CGAL users discussion list

[Monique Teillaud <>]

Le 19/03/13 13:45, Philipp Blanke a écrit :
> Hello Monique & Sebastien ,
>
> as I understand the incremental algorithm, if a tetrahedron T is marked
> degenerated and a point would be inserted into its circumsphere, T would
> be destroyed and the hole re-triangulated. The newly constructed tets
> would not automatically inherit the "degenerate" flag from T.
>
> You suggest that a marked tetrahedron could lose its degenerate status,
> since there could be an insertion of a point, so that there are not >4
> points cospherical anymore. But such a point would have to be inserted
> inside T's circumsphere.

I am not sure what Sébastien was referring to.
But at least if you remove all points that were cospherical with T's 
vertices, then T becomes non-degenerate.

Actually my point is not related with this.

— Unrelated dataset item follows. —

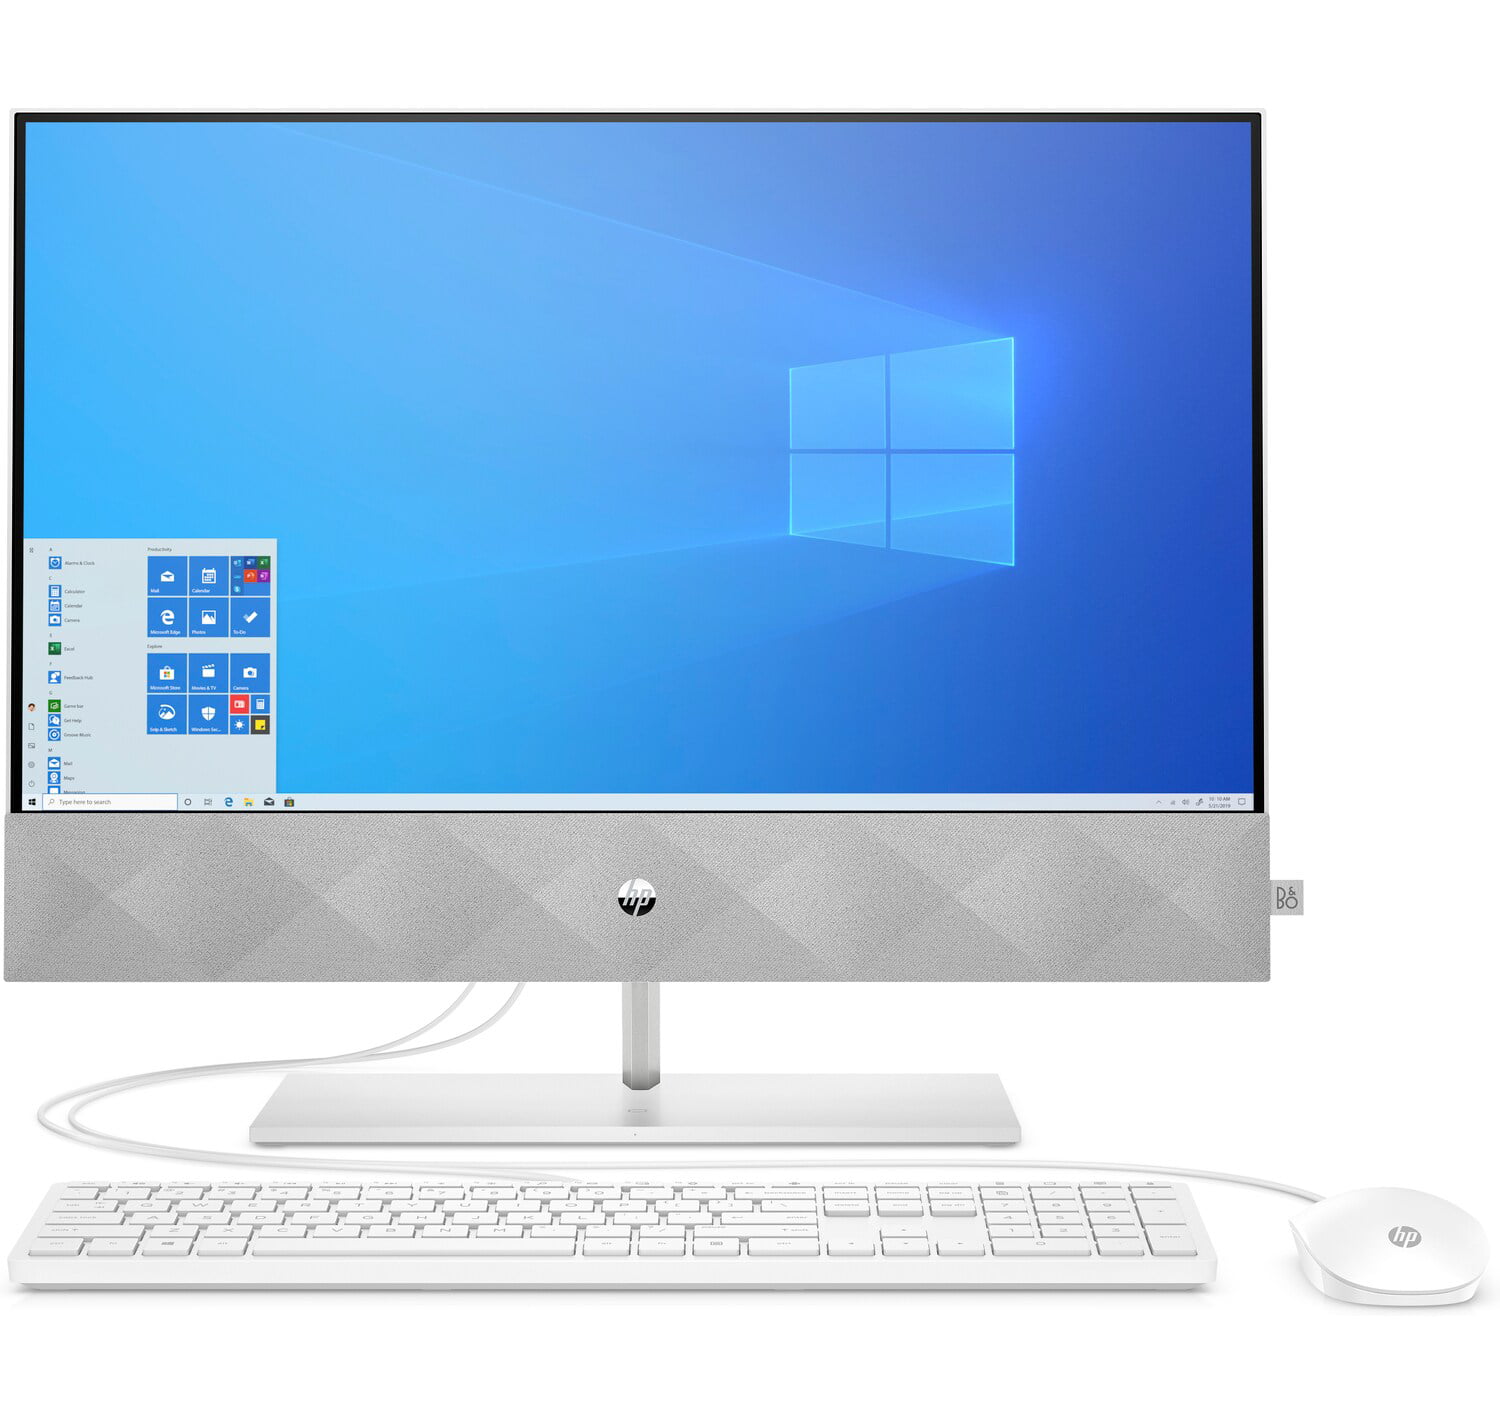 HP Pavilion All-in-One Computer 23.8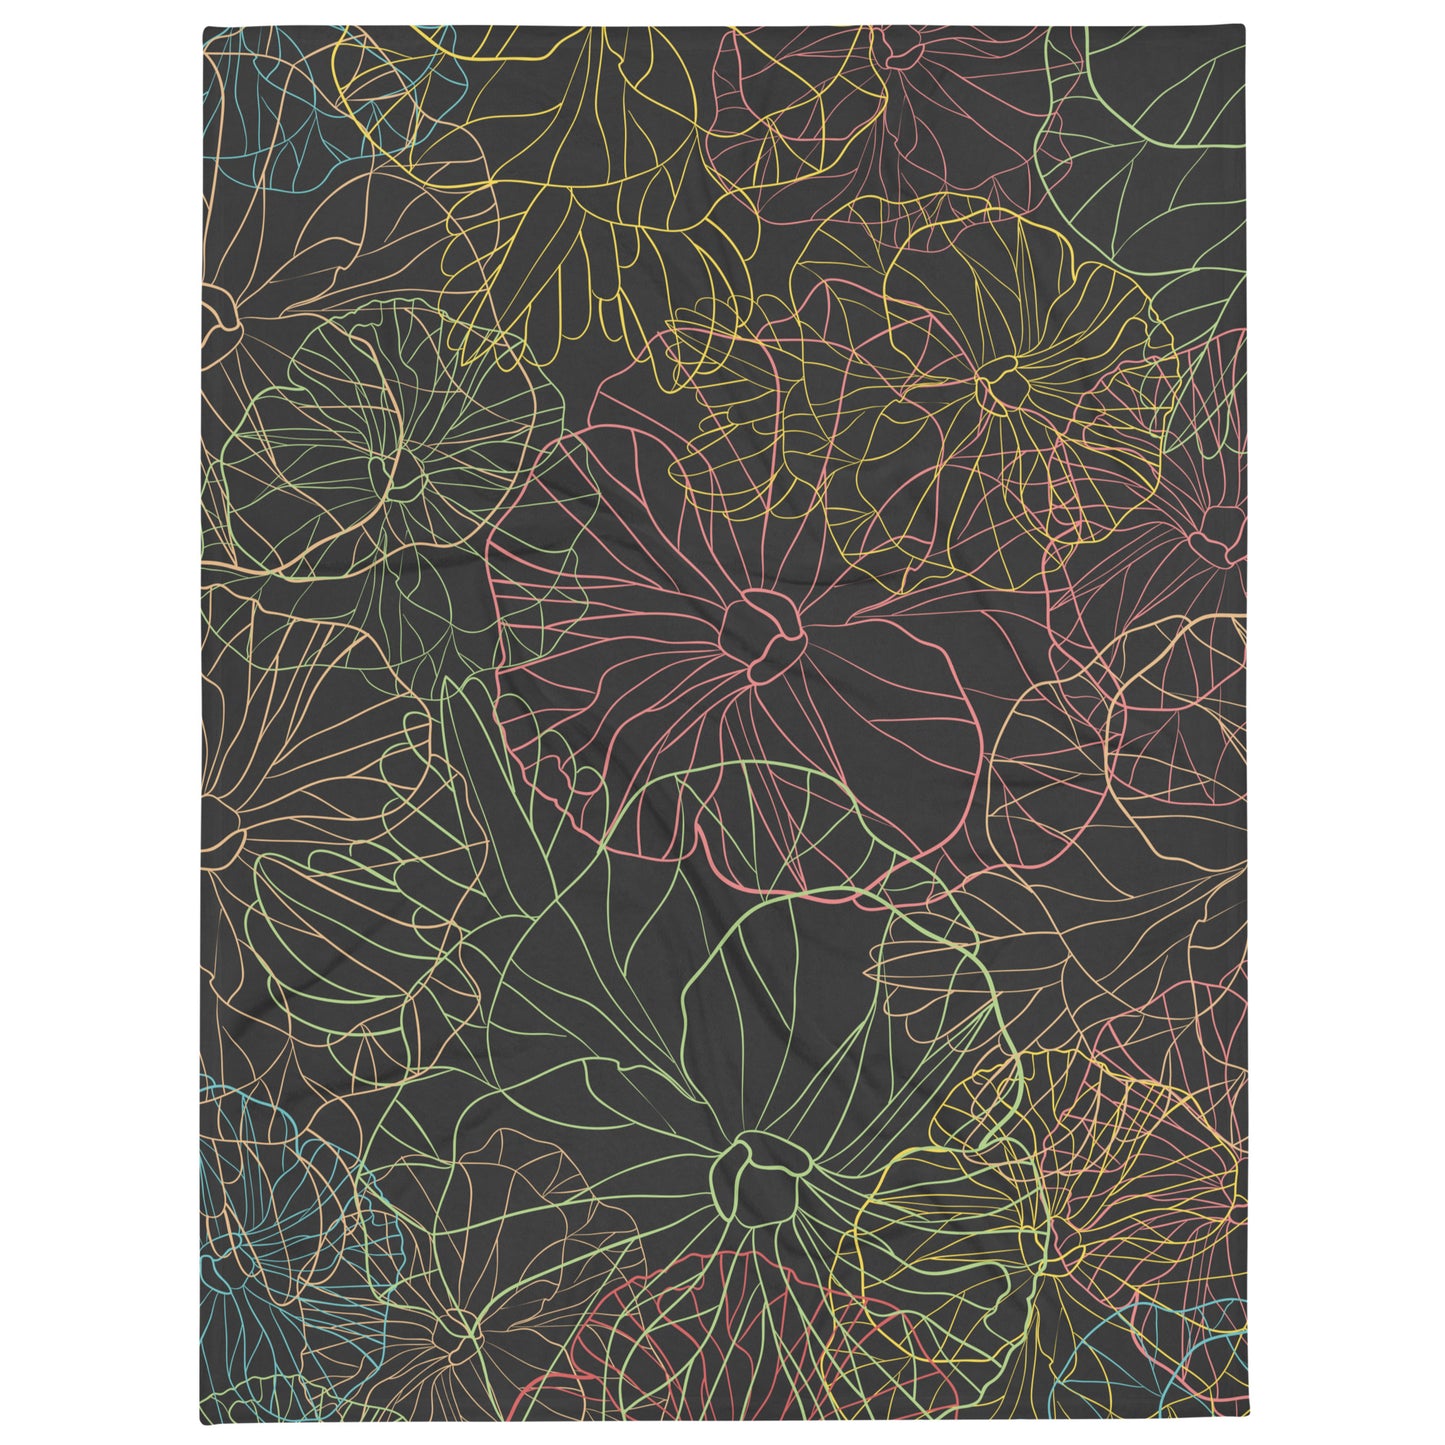 Neon Dark Floral - Sustainably Made Throw Blanket

I just don't see how to easily
- 'catch' cospherical cases, since this is hidden in the (perturbed) 
predicate, which never returns 0
- and pass the information to the TDS, which is actually creating 
tetrahedra.
At first sight, I would say that, assuming it is possible, it would 
require a non-trivial patching of the CGAL code.

> Was there an email from Laurent regarding this topic on the list?!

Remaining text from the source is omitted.